**WHAT THE TASK ASKS:** Please set down the data again exactly, minus the pictures.
--- EXERCISE DATA Enclosed Below ---
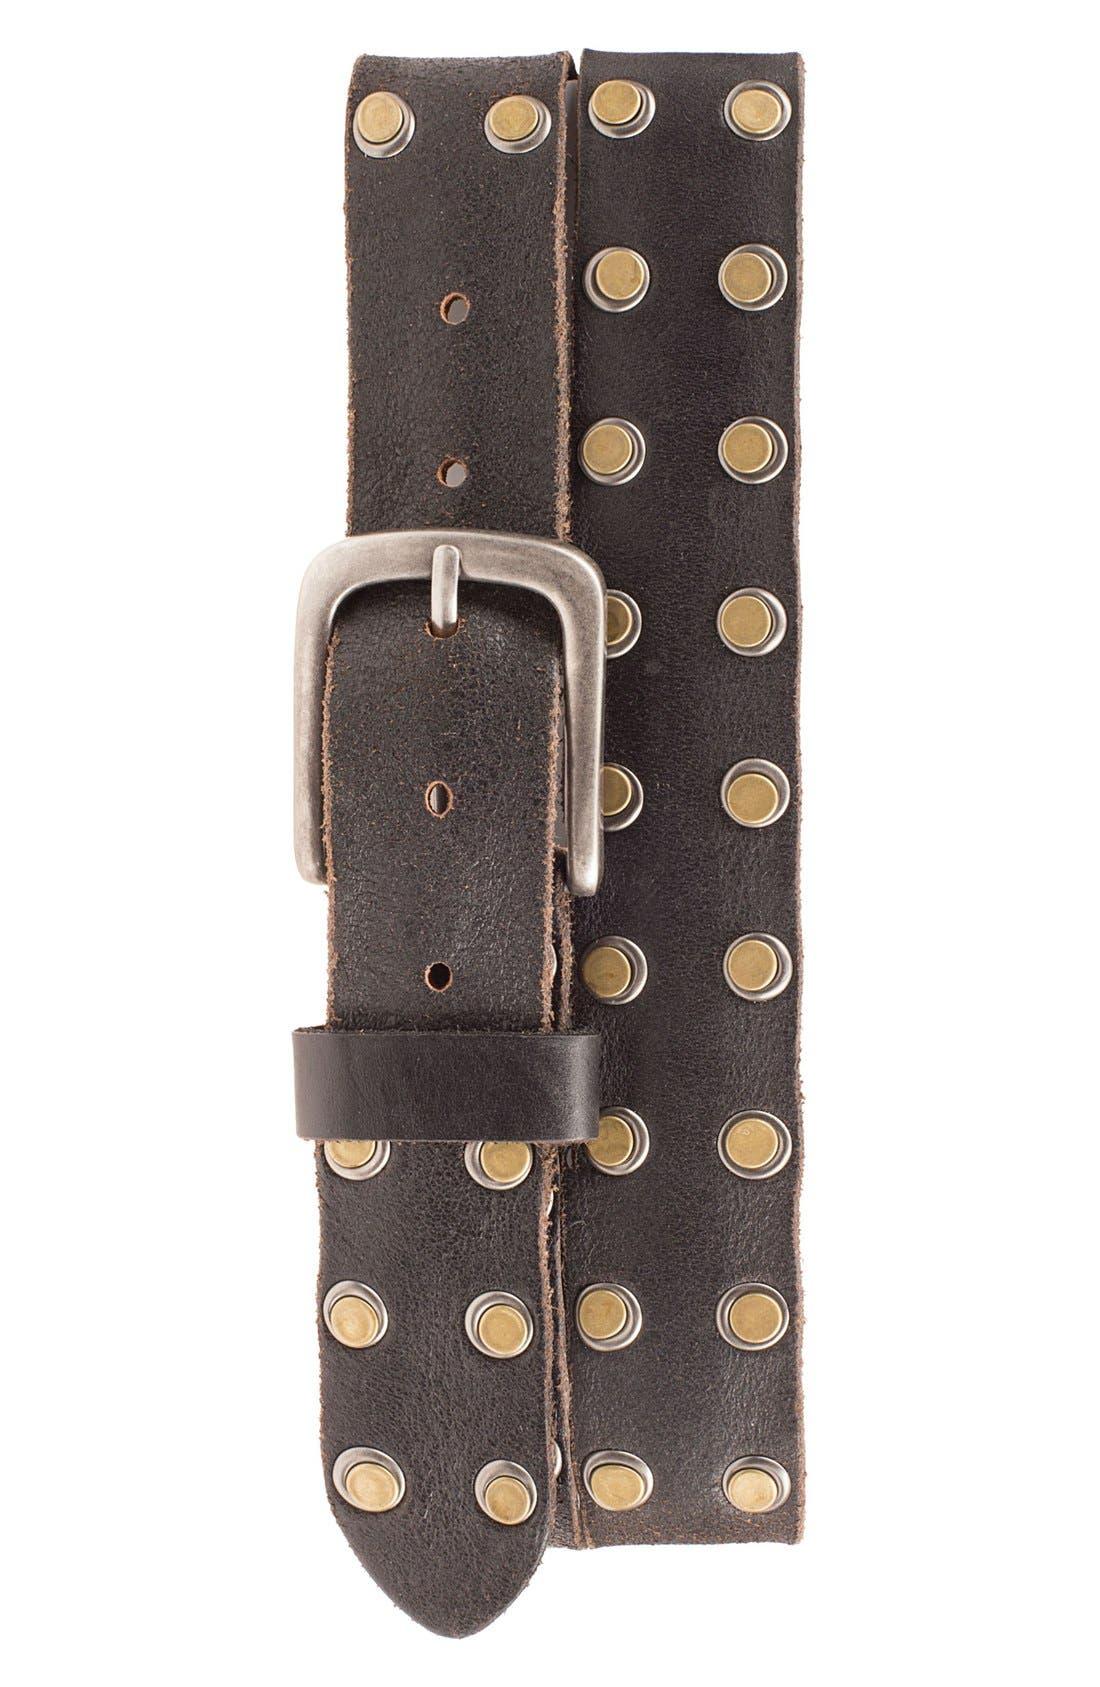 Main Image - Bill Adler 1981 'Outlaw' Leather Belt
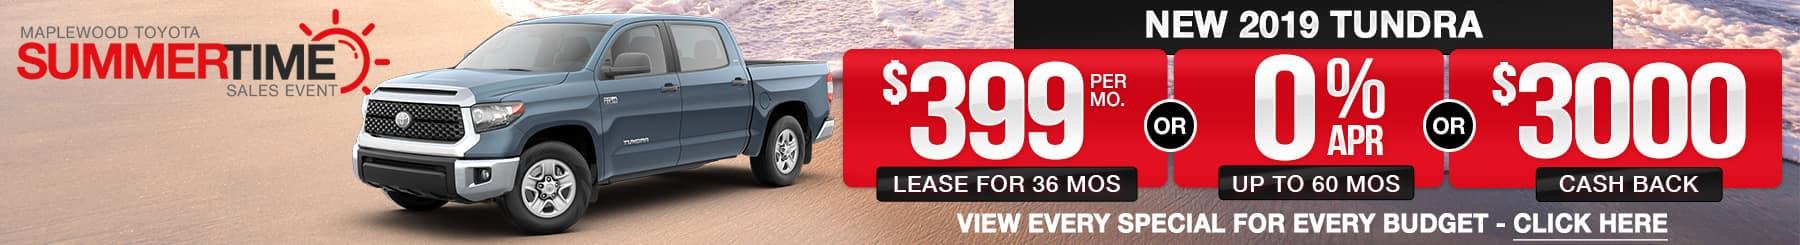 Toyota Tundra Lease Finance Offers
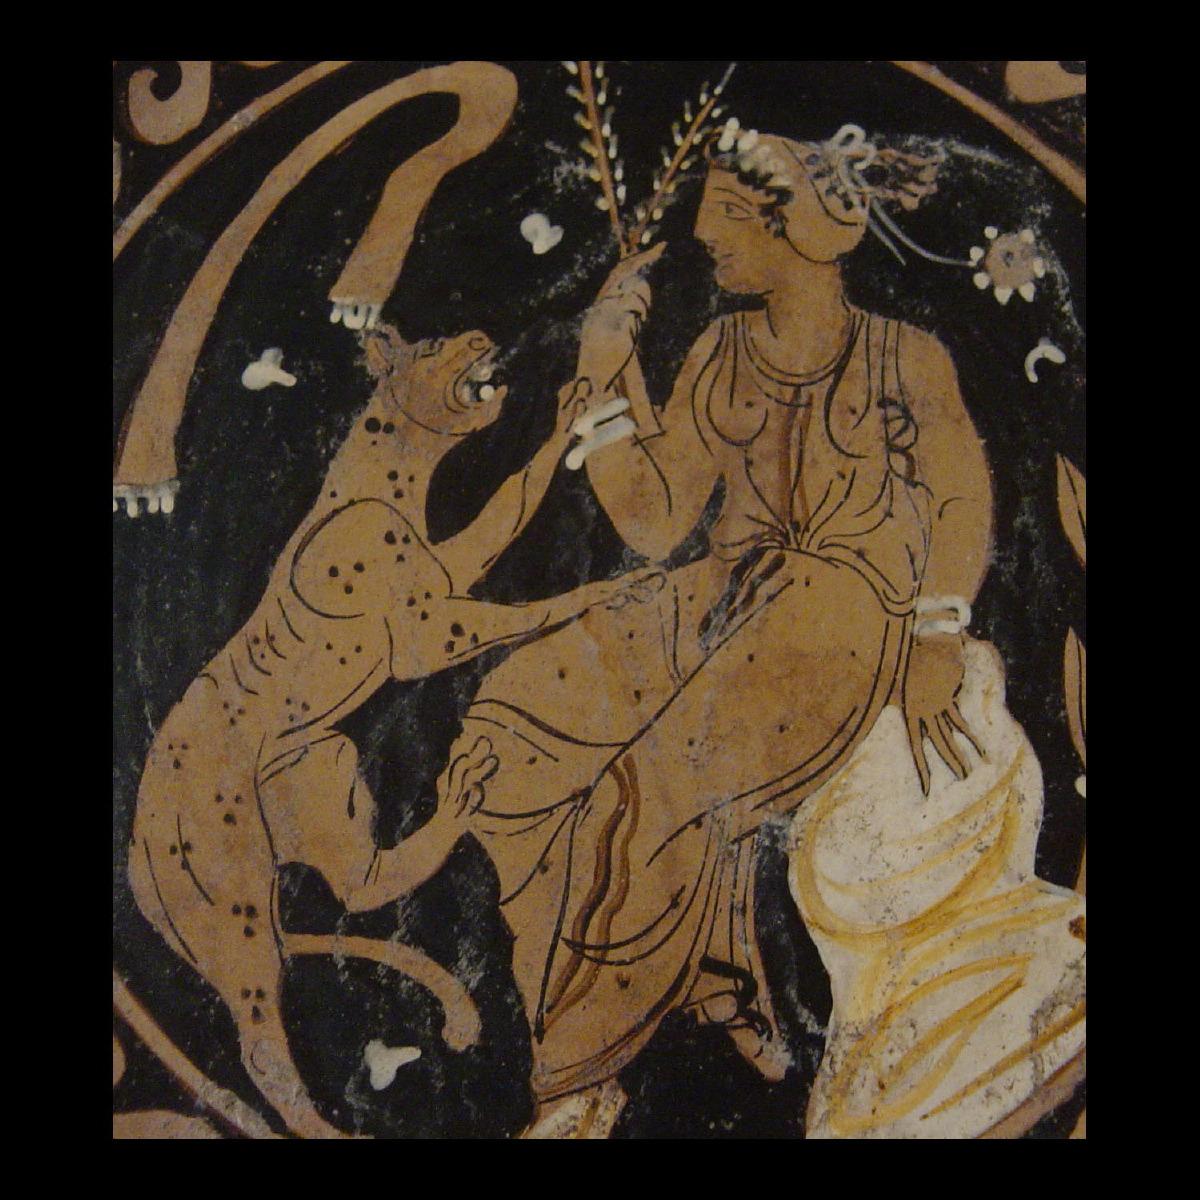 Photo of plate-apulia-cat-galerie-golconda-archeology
--- End of Enclosed EXERCISE DATA ---
**WRITTEN SOLUTION:**
 Main Image - Bill Adler 1981 'Outlaw' Leather Belt
 Toyota Tundra Lease Finance Offers
 Photo of plate-apulia-cat-galerie-golconda-archeology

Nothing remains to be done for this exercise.